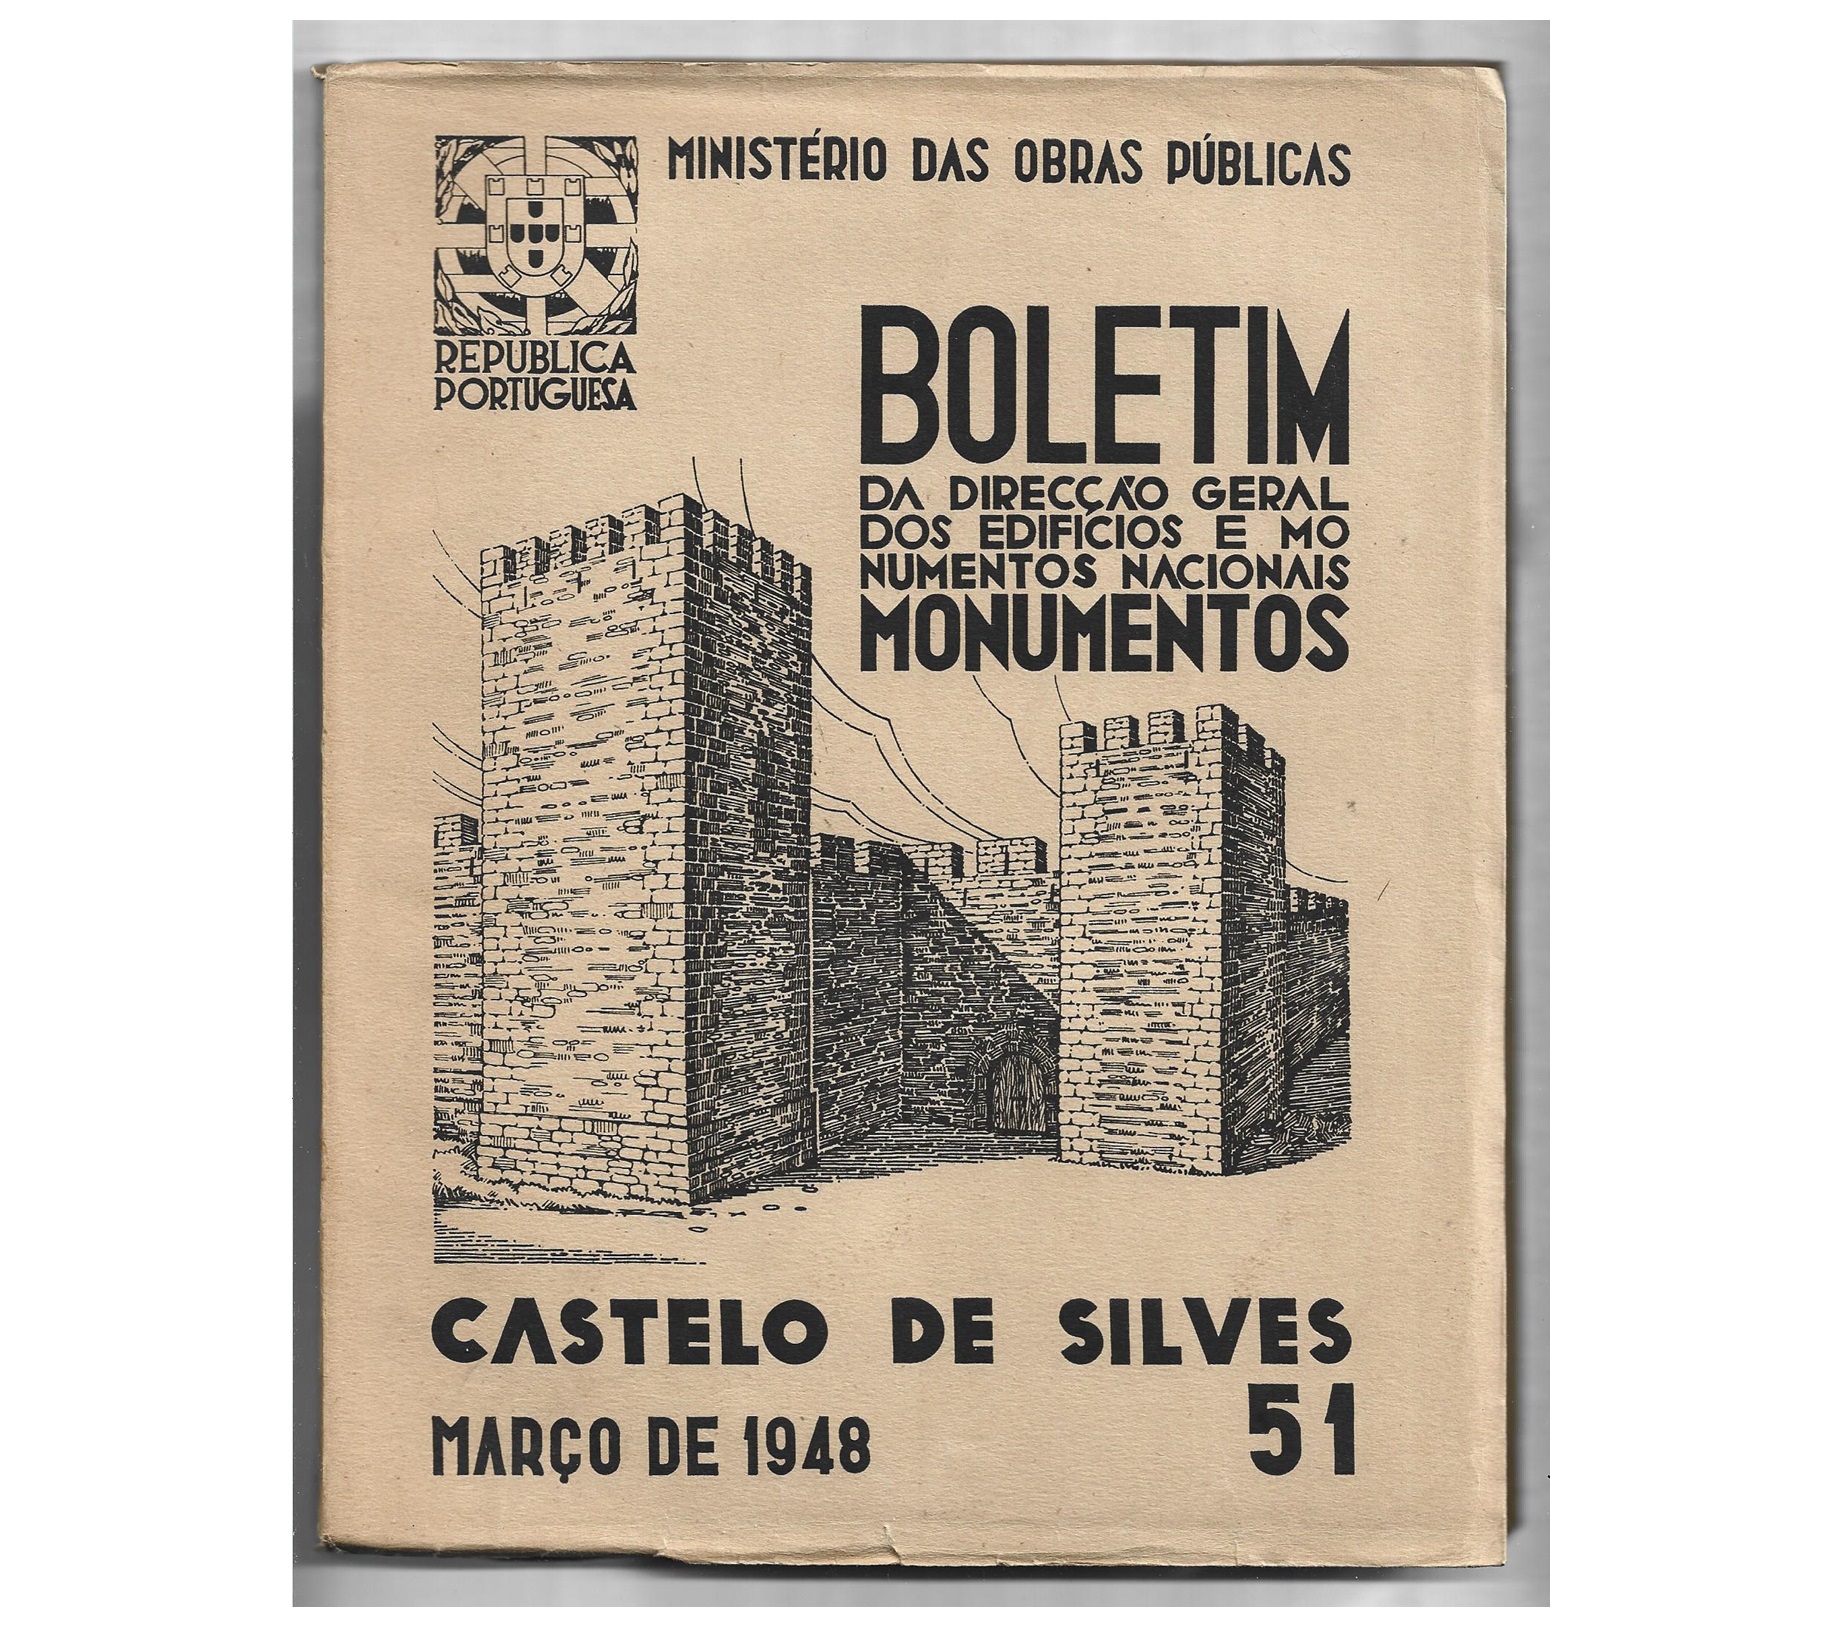 CASTELO DE SILVES
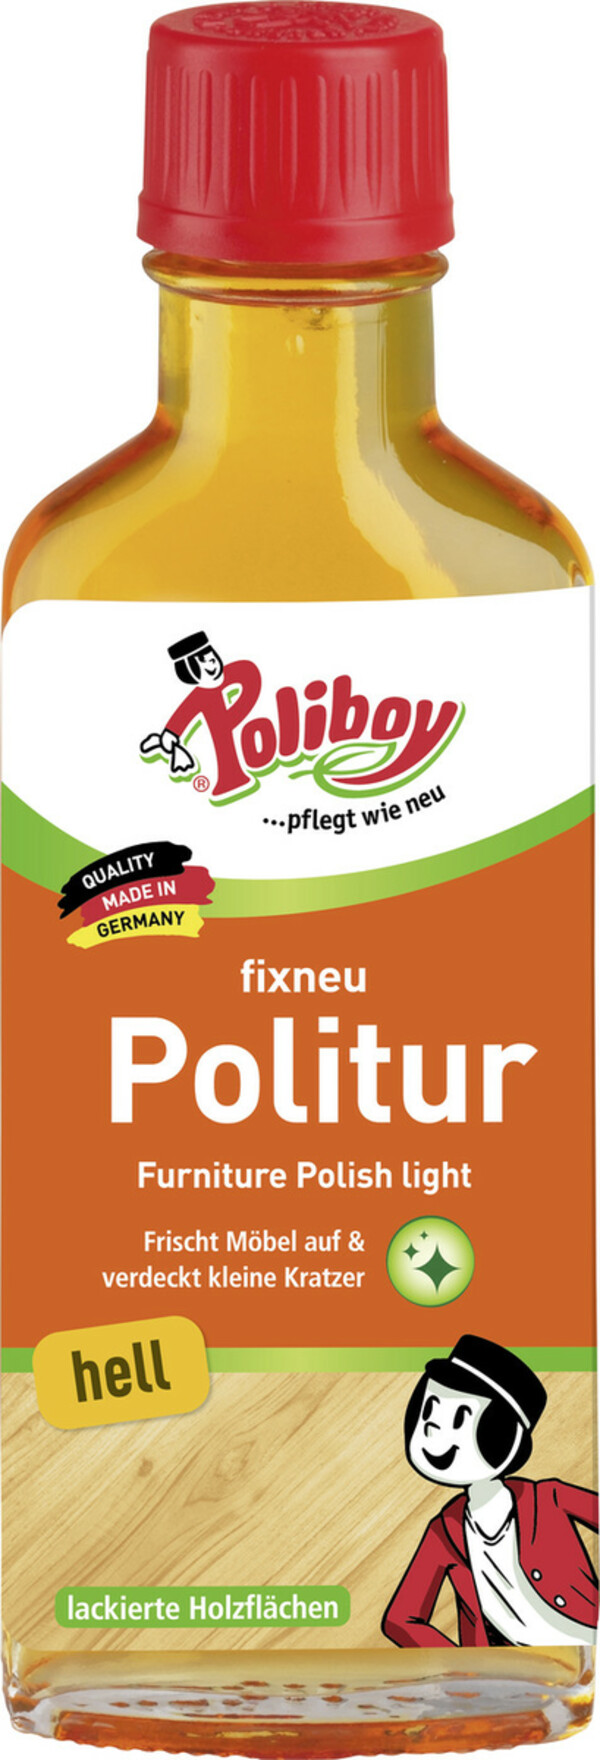 Bild 1 von Poliboy Fixneu Politur hell 100ML
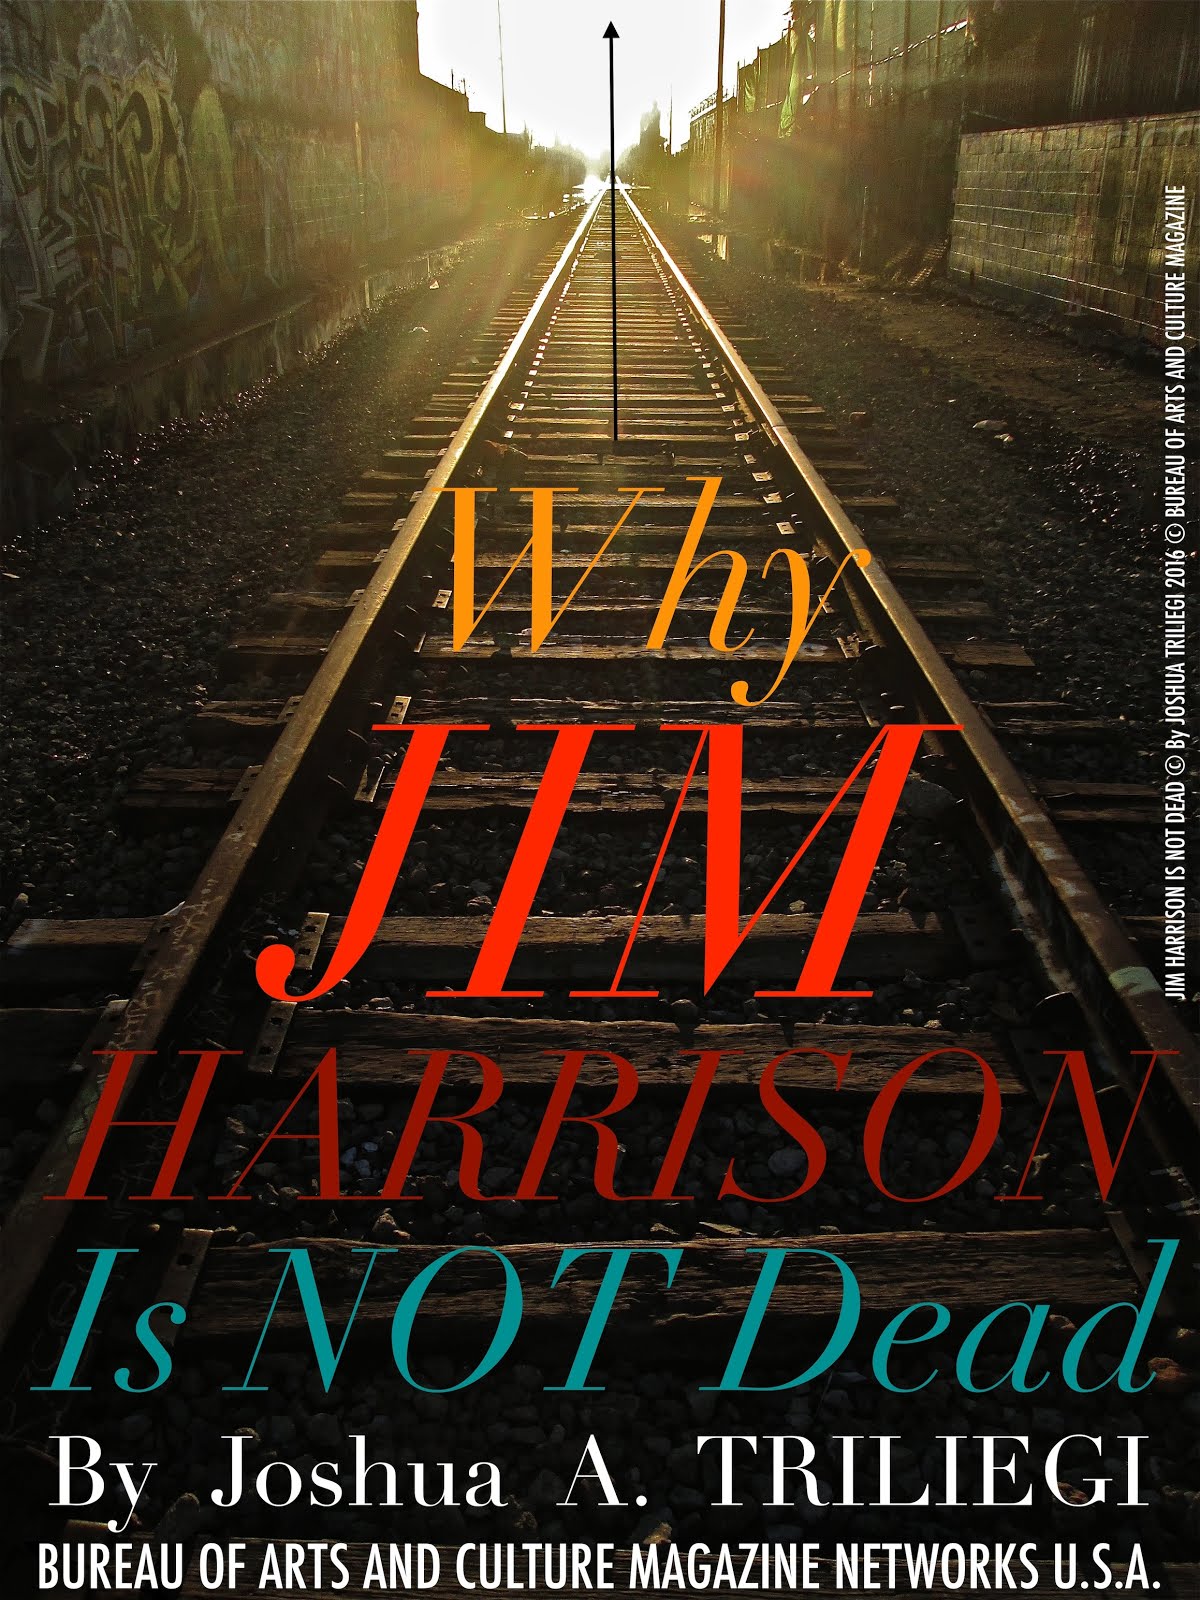 JIM HARRISON is NOT DEAD

▶ [WHAT NEEDS TO BE DONE]:
Set down all the lines above exactly as they appear, with no pictures.

▶ [FINISHED TASK]:
 CASTELO DE SILVES
 Bild 1 von Poliboy Fixneu Politur hell 100ML
 JIM HARRISON is NOT DEAD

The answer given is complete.